As the state Supreme Court inches closer toward a performance audit of the State Bar of Wisconsin, some say the endeavor would be a waste of time and money.

Rules governing the State Bar allow the justices to order periodic reviews of the organization at the expense of members. Bar leaders estimate the total cost of a new audit will be $82,080.

The bar already has the resources to cover all but $11,330 of the cost, said State Bar President Jim Brennan. According to the bar’s breakdown of costs, $50,250 would be spent compensating State Bar staff designated to perform the audit and $20,500 would go toward overhead, costs for which the bar already has money available.

The additional cost will be a budgetary burden, Brennan said, at a time when the organization has no room for potentially frivolous spending.

“I think it’s a waste,” he said, “of members’ money.”

The justices voted, 6-1, on Jan. 11 to advance discussion on formation of a committee under Supreme Court Rule 10.10 to evaluate how the bar functions in terms of meeting member needs. Their decision was rooted in an ongoing review of a petition to abolish the mandatory bar, which the court is holding in abeyance, pending its decision on an audit.

The last time the court audited the bar was 1981. Chief Justice Shirley Abrahamson has recommended an evaluation committee be formed by November to begin the process of a new audit.

Justice Patrick Crooks said he supports the idea of a review and said he doesn’t think the cost is overly excessive, especially if the audit reveals deficiencies in the bar’s performance.

“I think it is really just personnel costs and people being diverted to do this project,” he said. “So it’s really an investment of time more than anything else.”

Lisa Roys, the bar’s public affairs director, said the bar does not know how much it spent on the previous audit.
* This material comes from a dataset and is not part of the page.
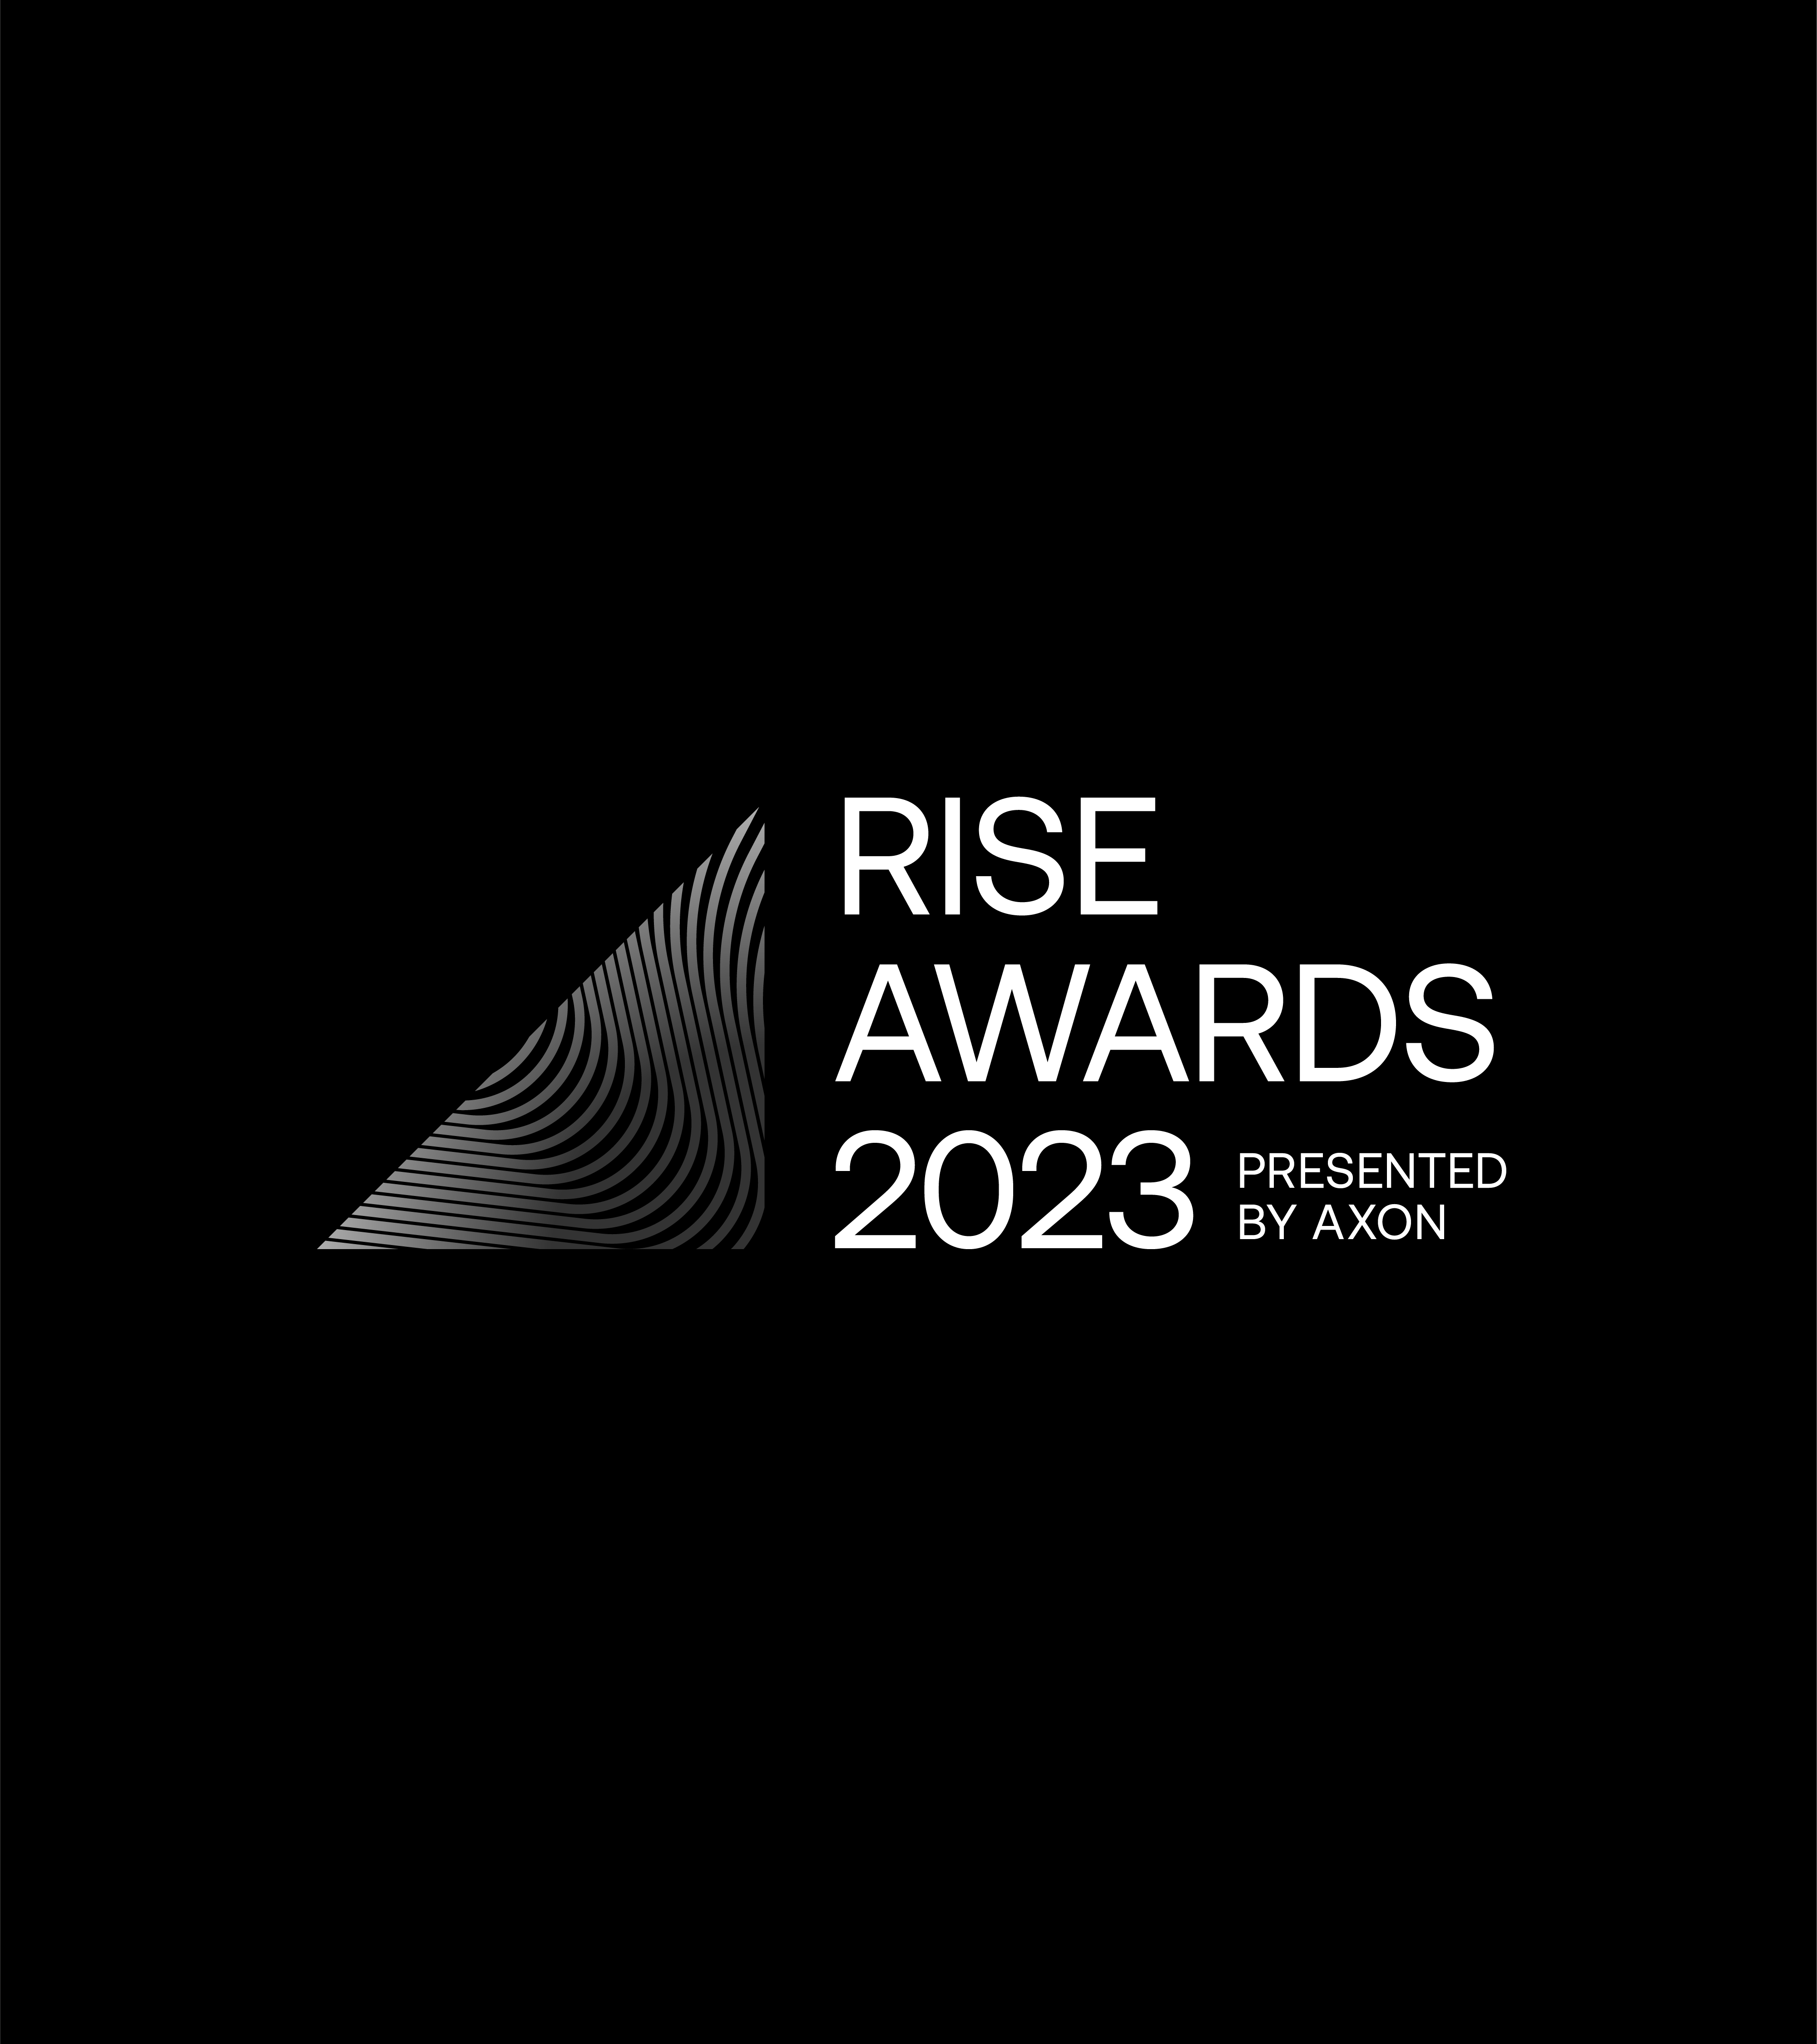 The 2023 RISE Awards Presented by Axon

After the previous audit, the review committee recommended the bar remain a mandatory organization to best preserve member benefits; a recommendation the court adopted.

A new audit will likely come to the same conclusion, said attorney Nate Cade, a member of the State Bar’s Board of Governors. The effort would therefore be a waste of attorney dues, he said.

“There is no evidence that the bar is doing anything improper,” said Cade, an attorney with Gonzalez Saggio & Harlan LLP, Milwaukee. “I think any results would show that the bar is generally doing a good job and there are a few areas they need to work on.”

The bar’s Board of Governors has not taken a position on the potential audit.

As the lone justice to vote against future discussion of an audit committee, Annette Ziegler said she is skeptical of the value of another review, given the cost.

“I would not automatically do it,” she said. “I would not authorize the bar to spend money to create a committee unless it would really be worthwhile.”

Ziegler also said she opposed the formation of a review committee because the court should not base its decision to audit the bar due to questions raised as a result of the voluntary bar petition filed by attorneys Steven Levine and Jim Thiel. Ziegler said the petition and the potential audit are separate issues.

Brennan said he is comfortable with the court mandating an audit, but anticipates the results would support the current structure of the bar.

For that reason, he questioned the logic behind mandating members pay for a review.

“The court can always order bar to pay for it,” he said. “That’s their call. It’s certainly not my call and it’s not the call of the leadership of the State Bar.”